While no comprehensive studies have quantified the recent data, anecdotal evidence suggests that the frequency and magnitude of hotel crimes are exploding. “We’re absolutely seeing an increase in crime at hotels,” says Philip Farina, a security consultant in San Antonio.

Experts like Farina believe that hard economic times are responsible for the phenomenon. On one hand the stubborn recession is driving desperate criminals to more extreme means and methods. On the other, financially distressed hotels have slashed security budgets to reduce costs.

The result is a perfect storm where motive and opportunity converge, and the price is being paid by the unknowing public.

Whatever the root cause, this much is certain: the prospect of staying at a strange hotel hasn’t been this unappealing since Norman Bates was stalking the grounds of his eponymous motel wearing heels and mama’s favorite house frock. 

Hotel inadequate-security cases

As in any inadequate-security case, persons who own and operate hotels are generally not required to protect their patrons from the criminal acts of third parties.

If, however, the occurrence of crime was forseeable from the perspective of the hotel operator, the hotel would be required to undertake and implement reasonable precautions to protect its guests from criminal incidents that might occur on the property.

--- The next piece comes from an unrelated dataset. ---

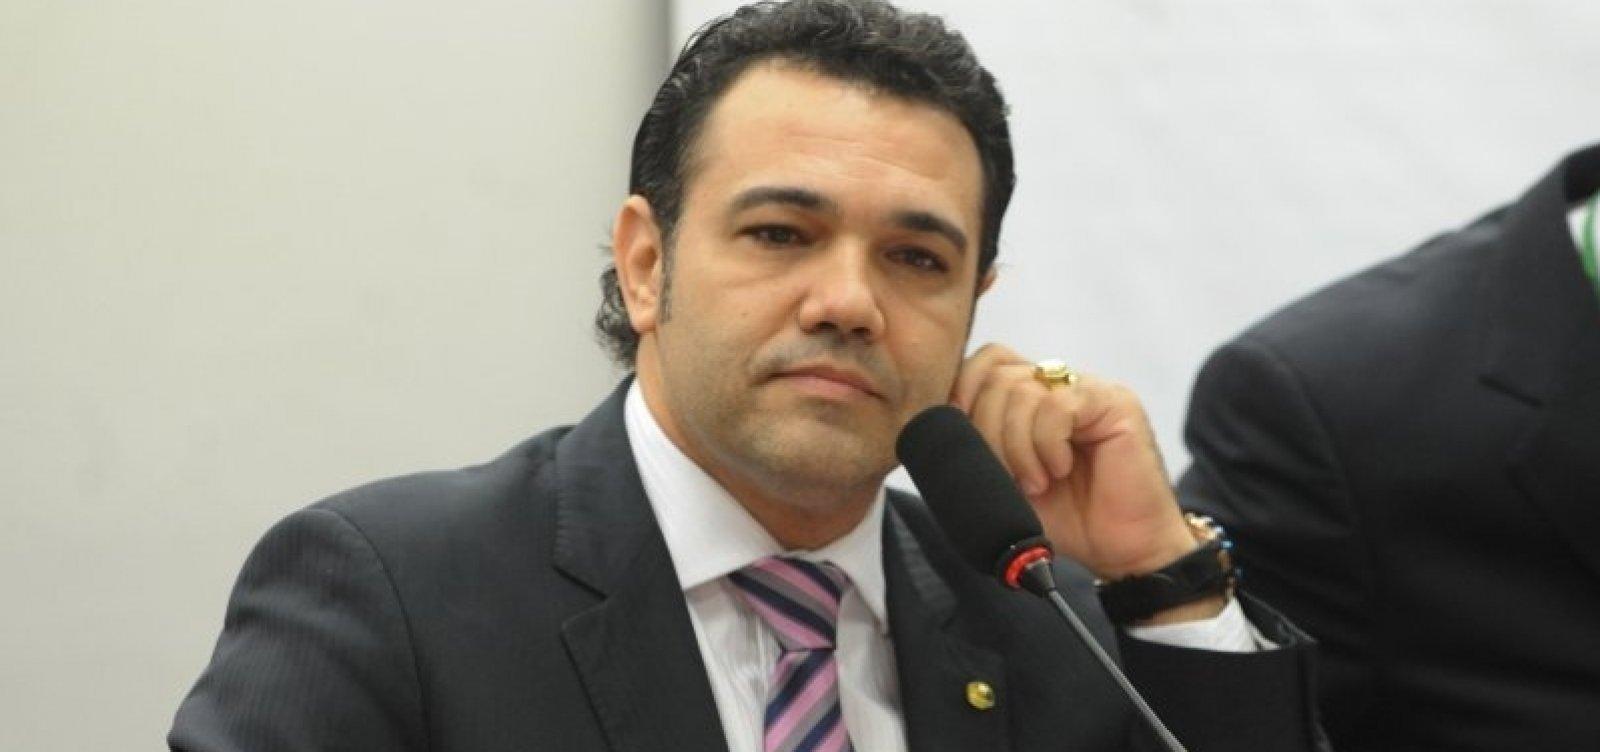 Bolsonaro escolhe Feliciano como interlocutor preferencial, diz coluna

Of course, given the current safety crisis at American hotels, the exception quite swallows the rule.

North Carolina is especially cursed with high-risk hotels. The state is a grid-work of major highways and interstates. Because they permit easy access and easy escape routes, hotels located at or near highway interchanges are especially appealing to would-be criminals. Not surprisingly, these hotels tend to be hotbeds of criminal activity, including armed robberies, armed assaults, murders and sex crimes.

 Demonstrating foreseeability

Foreseeability is typically proven by identifying prior crimes that have occurred on or near the property at issue. We typically look at the five-year period preceding an incident under review to determine whether the frequency and gravity of previous crimes sufficiently demonstrate foreseeability.

In recent years some trial courts have only allowed evidence of crimes occurring on the hotel premises, and have rejected evidence of crimes occurring in the vicinity of the parcel in question. This is contrary to well-established case law.

In security cases in general, and in hotel cases in particular, crimes occurring in the vicinity of the property where the crime at issue occurred are admissible to prove that the occurrence of crime was foreseeable. For example, it has been held that where a crime occurred at a hotel located near a busy interstate exit, crimes at nearby interchanges could be considered in determining whether the occurrence of crime was foreseeable.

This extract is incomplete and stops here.